Альберт сильно сомневался, что в разоренном королевском замке осталась хоть одна комната, пригодная для молодой девицы, но император выразился ясно: "устройте сами". В этом, собственно, и состояла должность Альберта и Вернера - устраивать и воплощать в жизнь все пожелания императора. То есть, естественно, те пожелания, которые он почему-либо не мог или не хотел воплощать сам.
- Кажется, спать нам сегодня не придется, - сокрушенно сказал Вернер товарищу, выходя из залы. - Барден сам не спит и другим не дает.
- Чем спать, я бы лучше вымылся, - вздохнул Альберт.
- Размечтался!..
- Хоть помечтать… Смотрю я на его величество и завидую: что есть твой медведь, никакой усталости его не свалить!
- Да, - согласился Вернер. - Император у нас - железный человек. Хотя… видел, как его проняло, когда он утопленницу эту бледную увидел? Я уж думал, удар его хватит. Аж побагровел. Вот тебе и железный!
- Ты про королевскую дочку? Дурак! Он же сватался к ней. И уж наверное не потому, что имел виды на ее приданое. Сдалось оно ему… Значит, что-то было между ними.
- Точнее, у него к ней. Она-то, сам видел, даже не посмотрела на него. Как будто он пустое место.
- Сдается мне, - осторожно сказал Альберт, - что боги ее умом обидели.
- С чего бы императору свататься к убогой? - в сомнении спросил Вернер.
- А ты его обычной меркой не меряй. Колдун он, а кто их разберет, этих колдунов? Может, он что-то такое в ней видит, чего не увидит больше никто, хоть все глаза прогляди.
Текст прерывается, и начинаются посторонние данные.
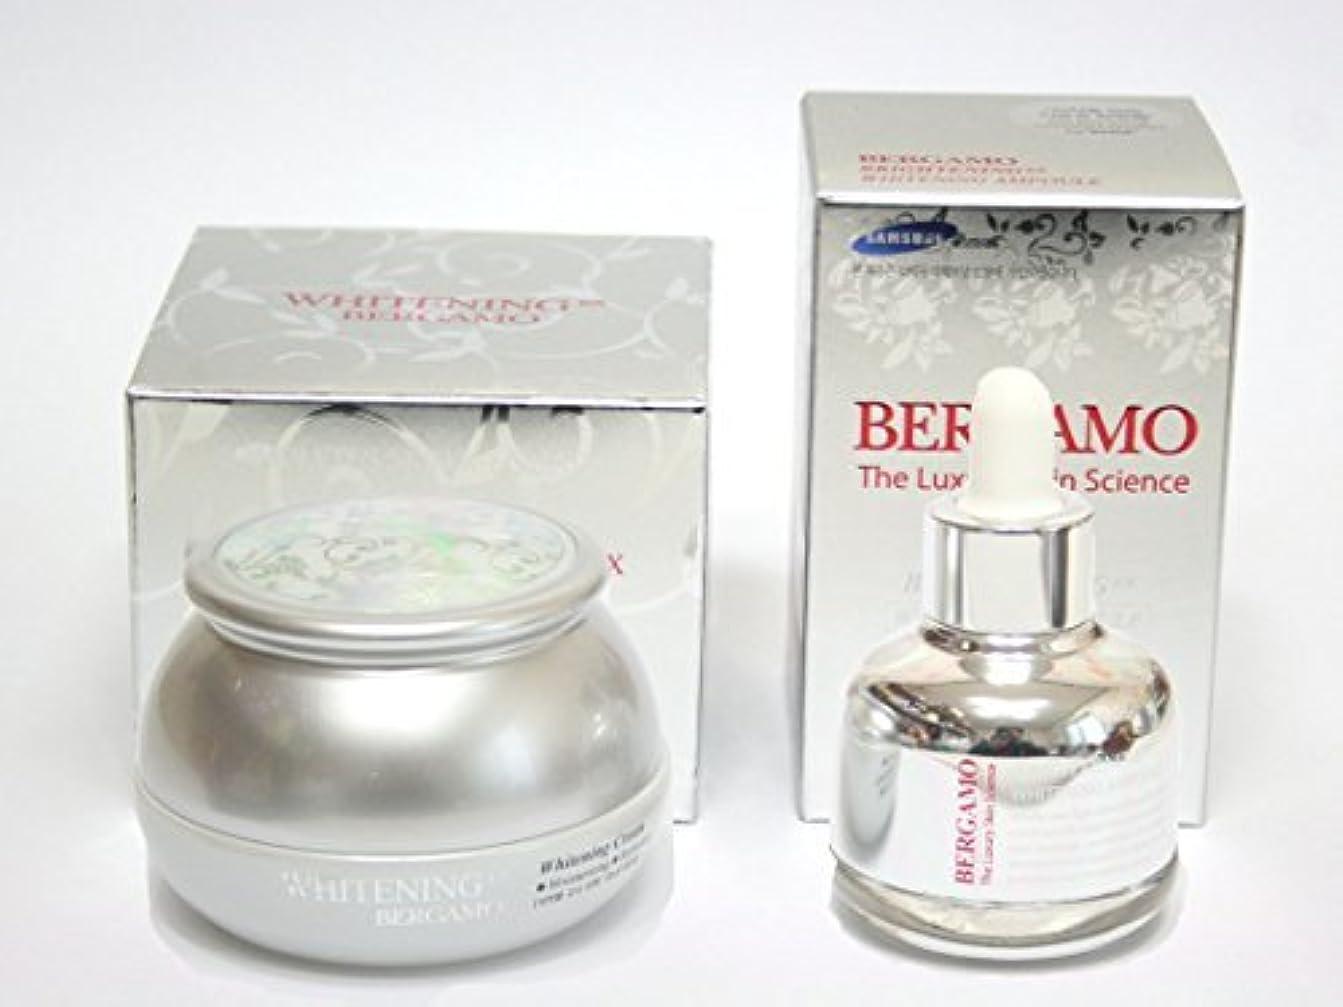 統治可能六分儀オークランド[BERGAMO] ホワイトニングEXクリーム50ml&ラグジュアリースキンサイエンスブライトニングEXホワイトニングアンプル30ml/韓国化粧品/Whitening Ex Cream 50ml & Luxury Skin Science Brightening Ex Whitening Ampoule 30ml/Korean Cosmetics [並行輸入品]

Он же не глазами смотрит, - для пущей убедительности Альберт постучал себя зачем-то по лбу, - а Борон разберет чем. Поверишь ли: иногда он на меня смотрит, а мне кажется, что он душу из меня вынимает, покрутит-покрутит перед собой, что-то там разглядит, усмехнется, и обратно положит.
- Есть такое, - согласился Вернер. - Временами я его просто боюсь.
- А то! Кто ж его не боится…
- Нельзя его не бояться, - подхватил Вернер. - Особенно если то, что о нем говорят - правда.
- Представляю, как ему все это надоело, - задумчиво сказал Альберт. - Мне надоело бы, если бы меня все боялись и болтали бы обо мне Борон знает что.
- Ты просто не пробовал. И кстати, хватит болтать. А то солдатня выгребет из замка последнее, что тут еще осталось ценного, и придется "благородной госпоже" ночевать на голом камне. За дело!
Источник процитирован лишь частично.